Venezuela, China y Brasil enviaron fuerzas militares al sureste mexicano para contrarrestar las fuerzas estadounidenses. Estados Unidos se valió de la ambivalencia de los estados norteños mexicanos y de los latinos que persiguen el American Dream. Cincuenta años después esta guerra sería conocida con el nombre de “La Gran Guerra Americana”. Estados Unidos hubiera mudado la guerra a China, el problema es que parte del poco petróleo, el petróleo fácil, estaba aquí y luego en Sudamérica.

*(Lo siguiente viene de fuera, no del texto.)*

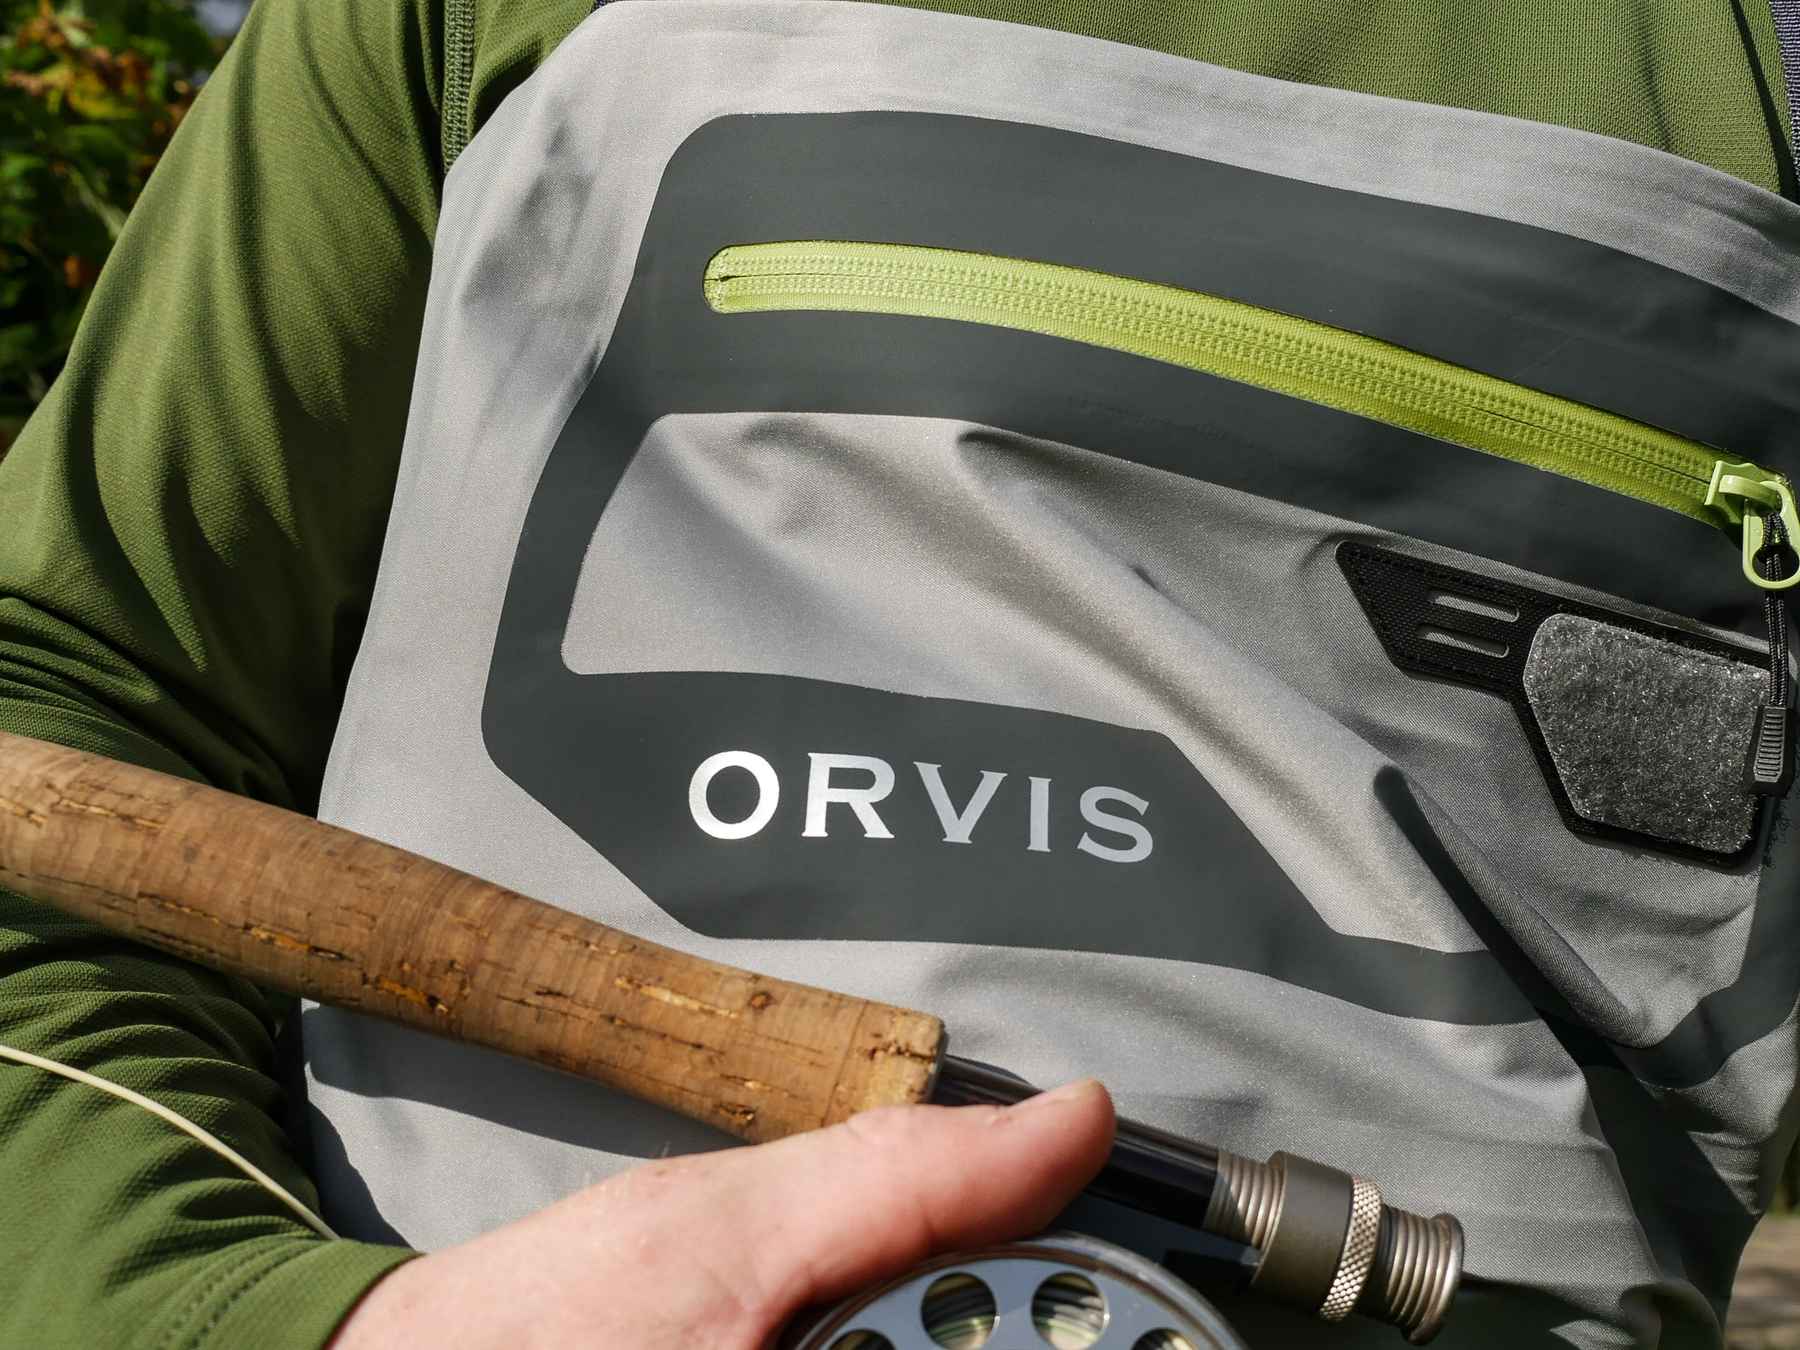 Orvis Waders Size Chart

Fuckins spics, musitaría un grupo de rednecks, emborrachándose en sus cantinas de madera podrida y ventiladores lentos, seguros de que el Destino Manifiesto incluía el petróleo en los regalos que Dios les había dado a ellos. Todo para ellos.

Era imposible trasladar la guerra al Medio Oriente. En Arabia gobernaba suciamente un islamita radical. La Cimitarra, como era conocido, mandó a instalar bombas de hidrógeno en los túneles de petróleo y sus torres petroquímicas. La Central de Inteligencia de los Estados Unidos intentó recuperar el control pero el rey árabe estaba a la altura del reto. Regresaba las cabezas de los agentes, incluyendo tarjetas con afectuosos saludos y un nuevo contrato que proponía cambios en los precios del crudo. Llegar a él les costaría años y mucho dinero, pero la necesidad no les permitía rendirse.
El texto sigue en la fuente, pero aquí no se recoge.